Daily Mail:
Jack Straw and Tony Blair 'dishonestly' concealed a plan to allow in more immigrants and make Britain more multi-cultural because they feared a public backlash if it was made public, it has been claimed.
The allegation was made after a former Labour adviser said the Government opened up UK borders partly to humiliate Right-wing opponents of immigration.
Andrew Neather, who worked for Mr Straw when he was Home Secretary, and as a speech writer for Mr Blair, claimed a secret Government report in 2000 called for mass immigration to change Britain's cultural make-up forever.
It also emerged that:
* Home Office Minister Barbara Roche, who pioneered the open-door policy, wanted to restore her Labour reputation after being attacked by Left-wingers for condemning begging by immigrants as 'vile'.
* Civil servant Jonathan Portes, who wrote the immigration report, was a speechwriter for Gordon Brown and is now a senior aide to Cabinet Secretary Sir Gus O'Donnell.
* Labour chiefs decided to brand Tory leaders William Hague and Michael Howard as racists to deter them from criticising the covert initiative.
Mr Neather said there was a 'driving political purpose' behind Labour's decision to allow in hundreds of thousands of migrants to plug gaps in the labour market.
He said the stance was foreshadowed by a report by Mr Blair's Performance and Innovation Unit (PIU) think-tank, which said the nation would benefit from more migrants.
Mr Neather claimed that earlier, unpublished versions of the report made clear that one aim was to make Britain more multi-cultural for political reasons.
'I remember coming away from some discussions with the clear sense that the policy was intended - even if this wasn't its main purpose - to rub the Right's nose in diversity and render their arguments out of date,' he said.

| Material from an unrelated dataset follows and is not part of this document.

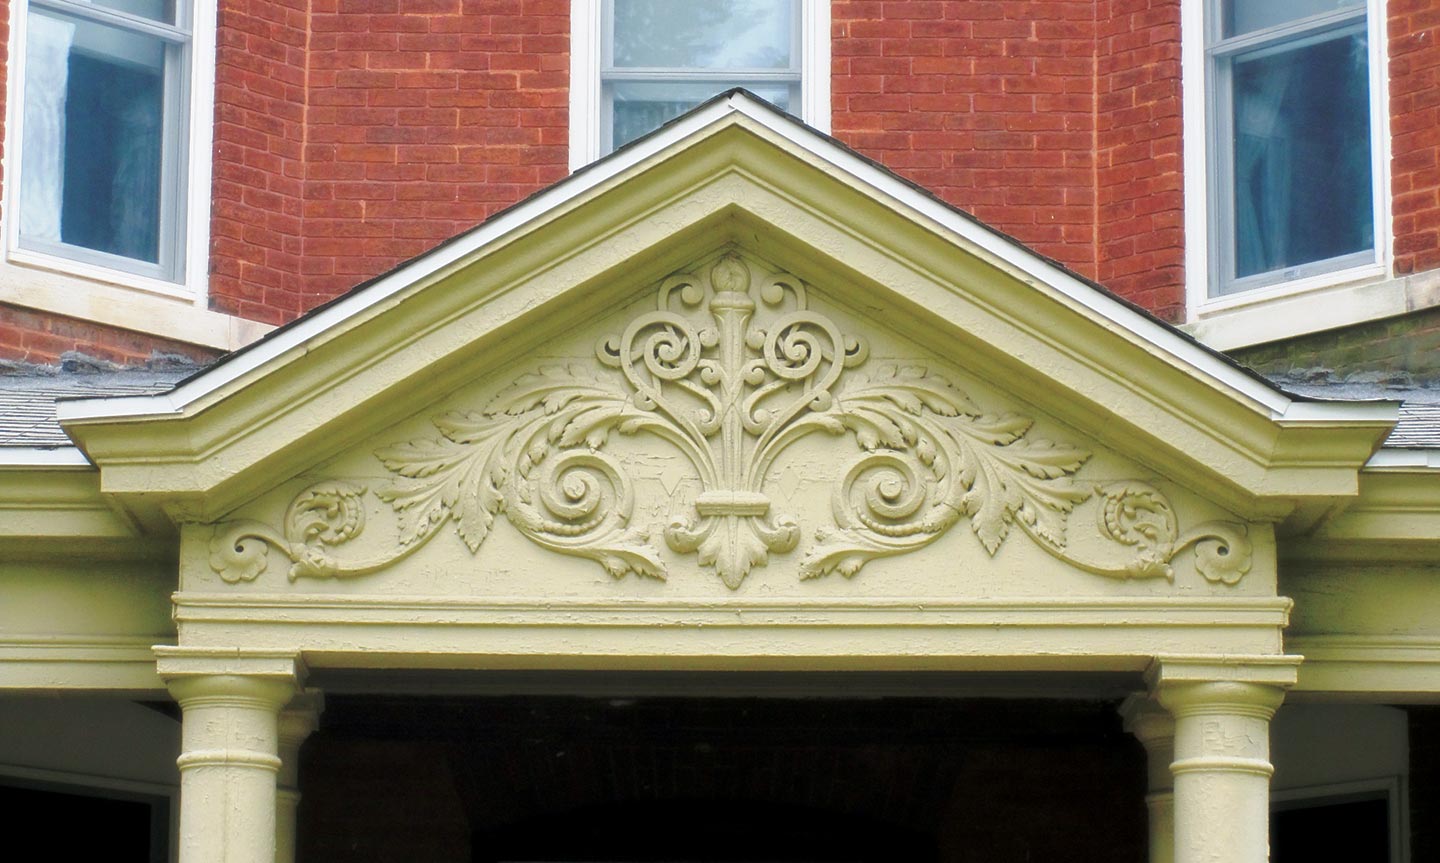 Detail view of the ornate woodwork above the entryway

Like the influence of the London Mullahs? They're there to prove how "racist" the right is, and win votes for Labor. The irony, of course, is that the UK now does have a race-focused fascist party, and, as usual, it's not right wing in the slightest, and thus is most likely drawing off leftists who won't abandon their traditional socialist fantasies, but also are getting concerned about what dhimmitude might mean for them, personally.